- Opening Delimiter -

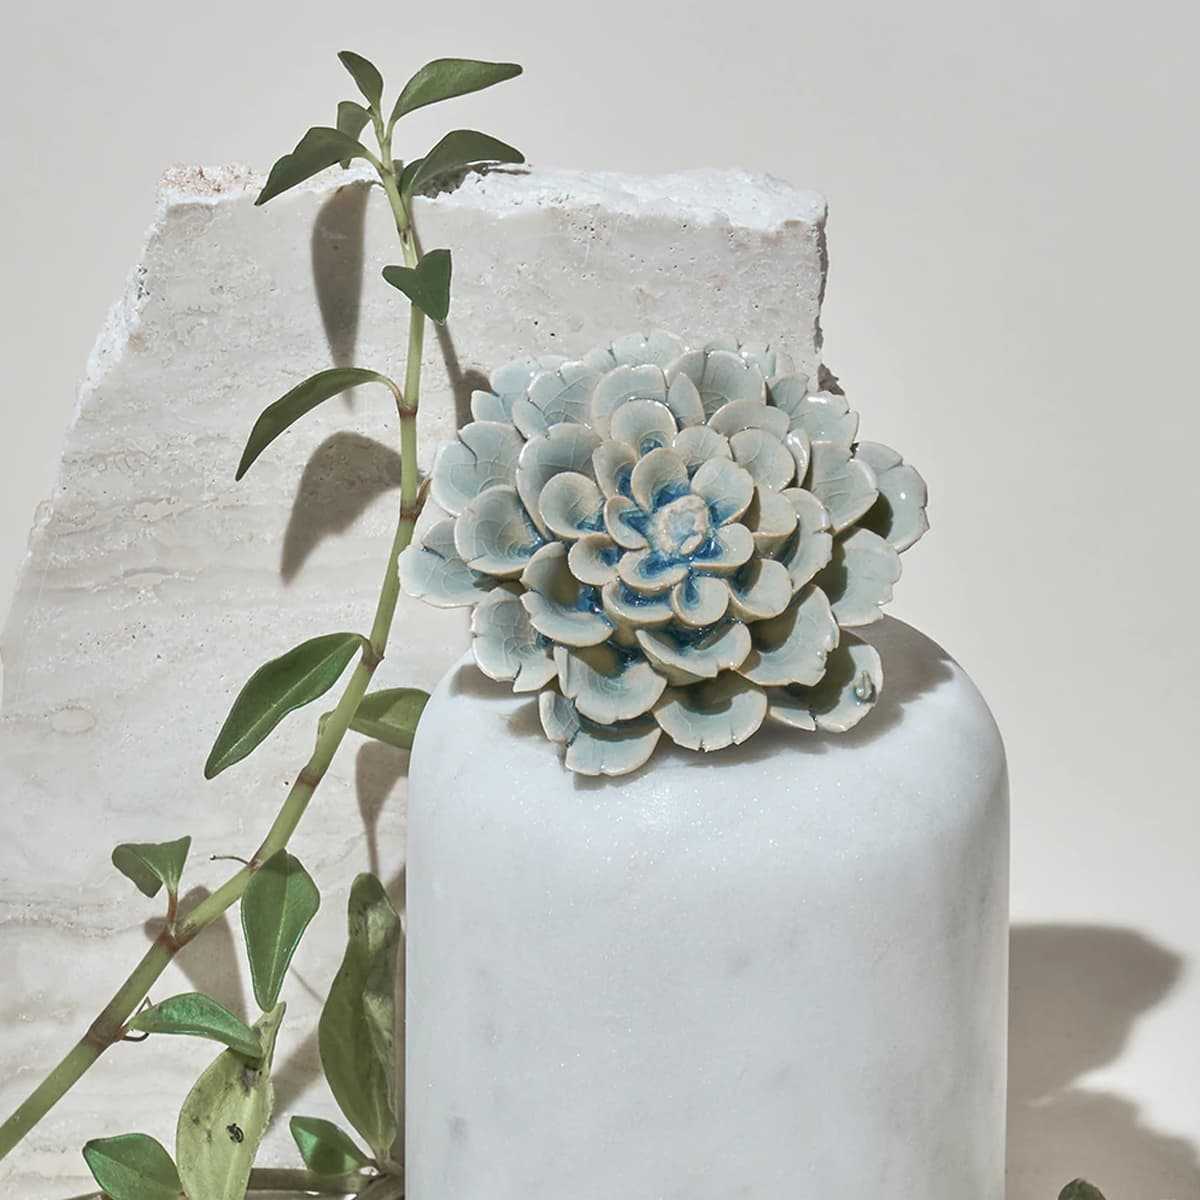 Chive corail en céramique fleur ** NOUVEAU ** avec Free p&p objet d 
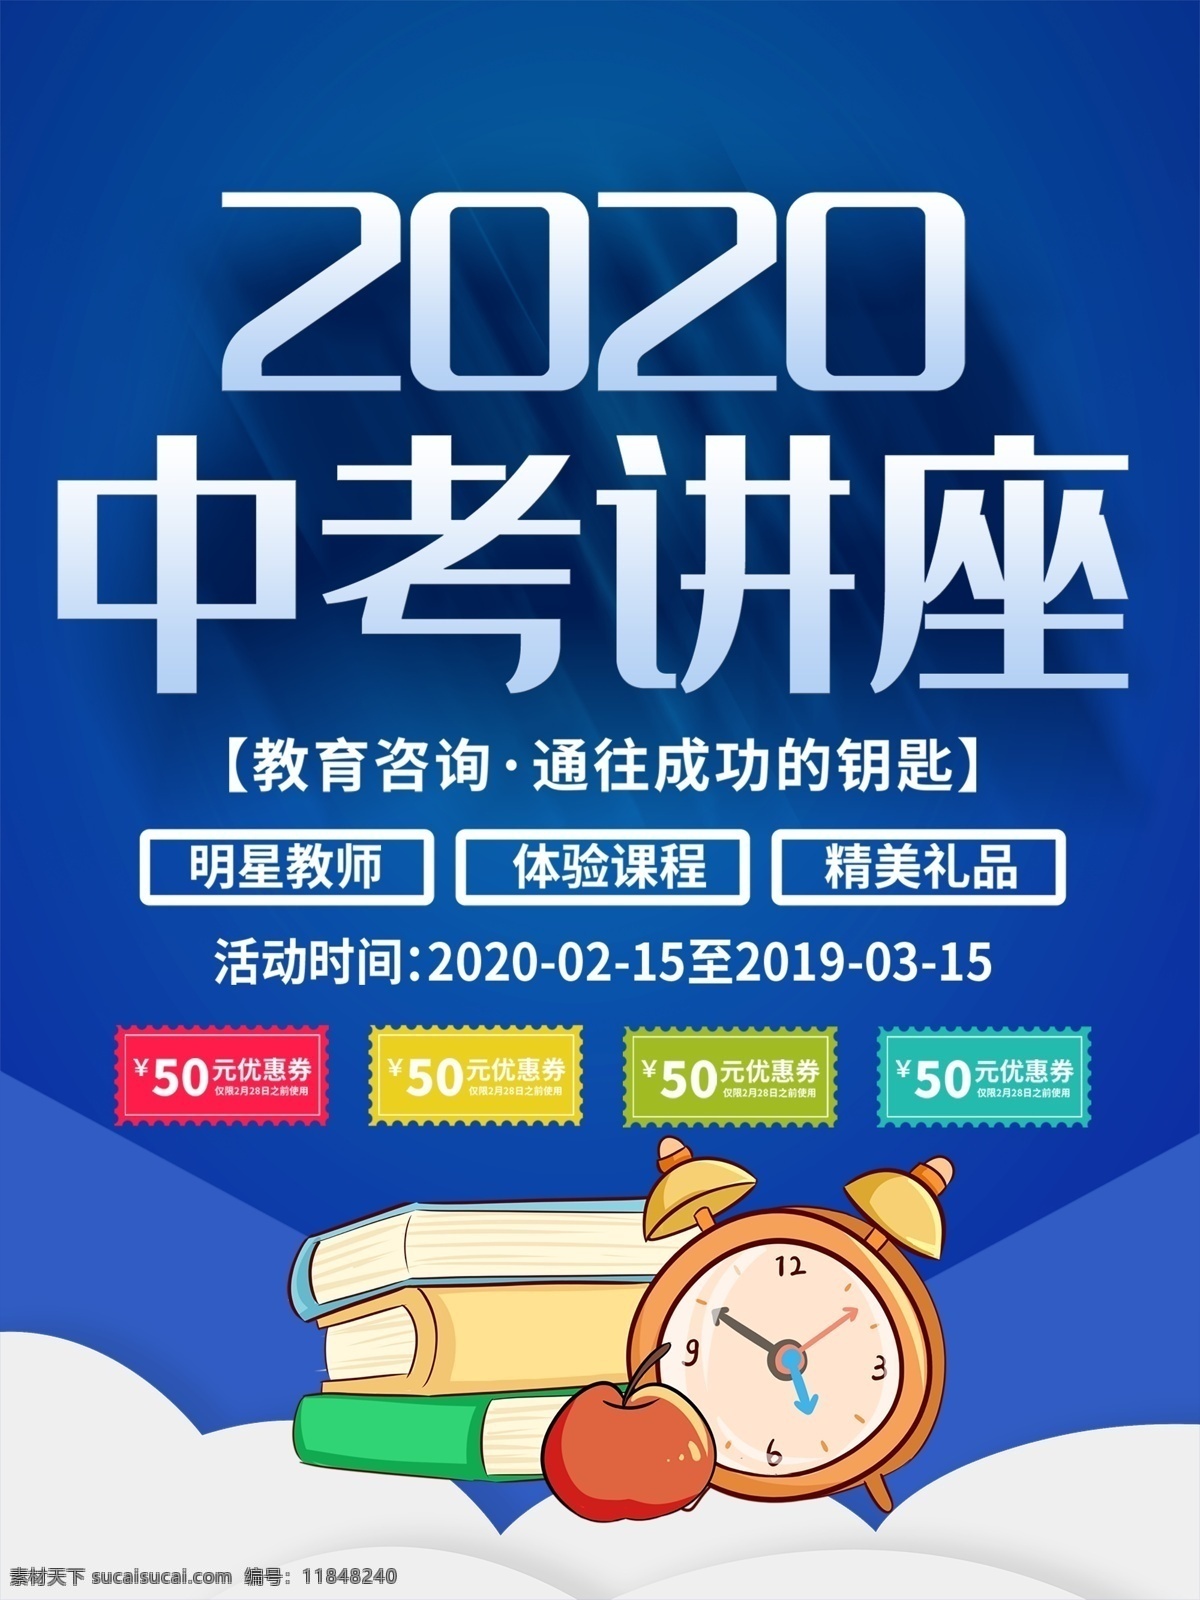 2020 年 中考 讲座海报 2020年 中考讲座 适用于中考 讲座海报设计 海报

- Closing Delimiter -
- Opening Delimiter -

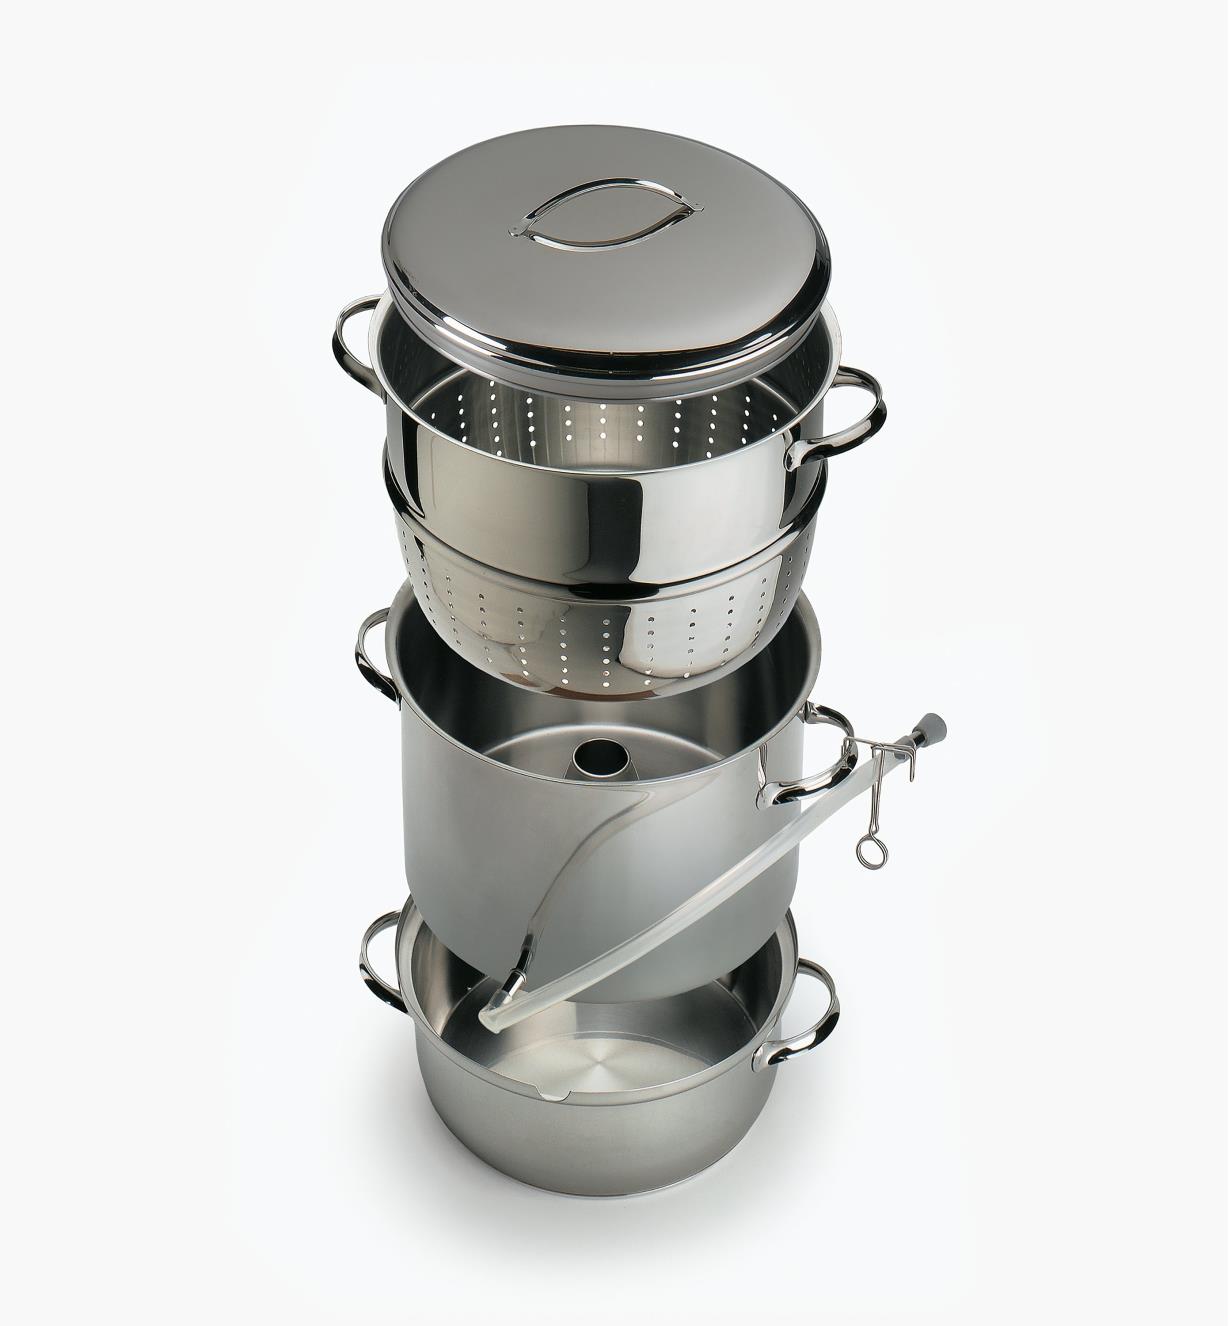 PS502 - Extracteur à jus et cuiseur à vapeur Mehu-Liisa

- Closing Delimiter -

§ **Task goal**
From the material above, give again exactly the lines from the one that contains "Chive corail en" through the one that contains "2020 年 中考 讲座海报 2020年 中考讲座 适用于中考 讲座海报设计 海报", and leave out the pictures.

§ **Answer**
 Chive corail en céramique fleur ** NOUVEAU ** avec Free p&p objet d 
 2020 年 中考 讲座海报 2020年 中考讲座 适用于中考 讲座海报设计 海报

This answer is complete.